There is a part of me, impervious to self-criticism, that would take this opener and run with it. It wouldn’t matter that I am no more familiar with Barth’s story than Brian Griffin is with any of the literary works he references in “Family Guy.”

The story “Lost in the Funhouse” was assigned reading for some class I had in college. I liked the title, but I found the whole metafiction thing annoying. I was a frat boy with a hard on for jazz-age writers at the time and had little interest in experimental wankage of this sort. Consequently, I never read beyond the first page and regurgitated a paraphrased version of the lecture when exam time came. You could get away with that at San Diego State in the early 1980s. You could get away with a lot of things back then.

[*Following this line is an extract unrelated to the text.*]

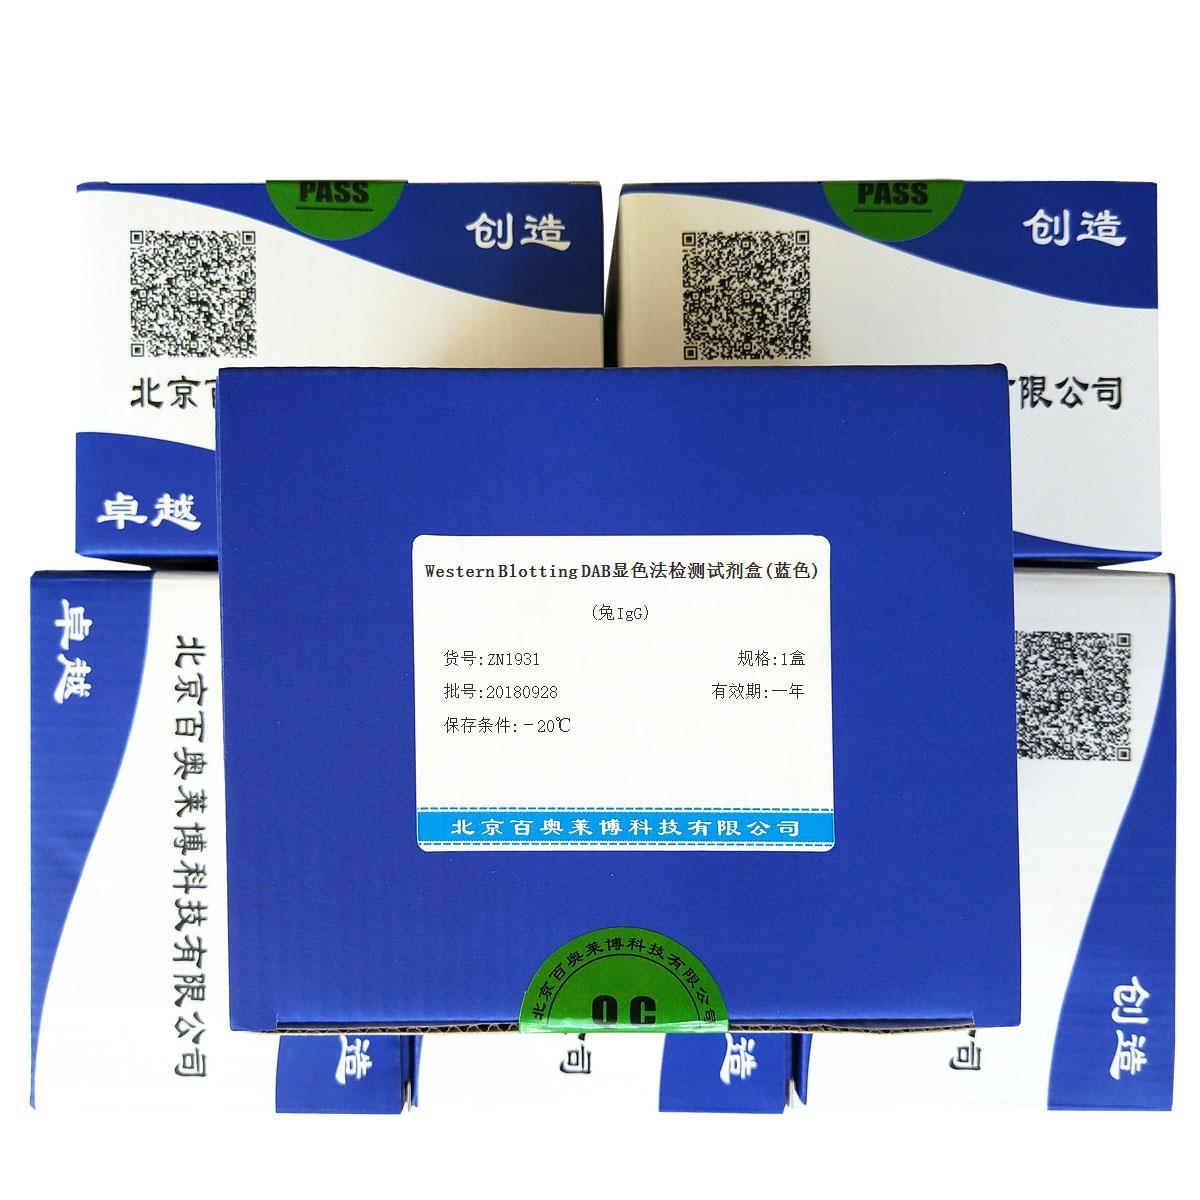 Western Blotting DAB显色法检测试剂盒(蓝色)(兔IgG)

So who the fuck is Captain Scarlet, or the Mysterons for that matter? I’m sure a lot of you are asking yourselves that. A quick google search that will tell you that “Captain Scarlet and the Mysterons” is the entry in Gerry and Sylvia Anderson’s oeuvre directly after “Thunderbirds.” The interwebz will tell you everything you need to know so there is no point in my bringing it up here.

What it won’t tell you (current web page excepted) is my interest in Captain Scarlet and what would possess me to write a story about him, regardless whether or not I include a pretentious allusion to “Lost in the Funhouse.” The answer to that lies in the yawning chasm between human potential and human nature.

I work in tech. What that means (other than making more money than most people whose work has genuine value) is that the office shuts down over the holidays. There are people on call who have to mind the store in case anything blows up, but the rest of us have a week or more to do as we please.

Most years, Becca and I go out of town (usually to Portland) where we would spend money and bitch slap our livers with wild abandon. She had to work this year so we stayed in SF over the break.

Great, I thought, I’ll gave some time to clear my head and get some writing done. I could either knock out a new story or work on making one of my novel drafts suck less. Either way, it would be a welcome change from the stagnation I’ve been experiencing in recent months.

I just didn’t think that would mean fan fiction about a TV show full of puppets.

The funny thing about free time is that there is never as much of it as you think there is. The first PTO was spent procuring obscene amounts of food with Becca and on those days when she was at work, I was mostly motivated to nap after eating obscene amounts of food. When she was home, we ate obscene amounts of food together and watched Gerry and Sylvia shows together. These included “Stingray,” “Thunderbirds,” and “Captain Scarlet and the Mysterons.” All together, it added up to a lot of hours watching puppets.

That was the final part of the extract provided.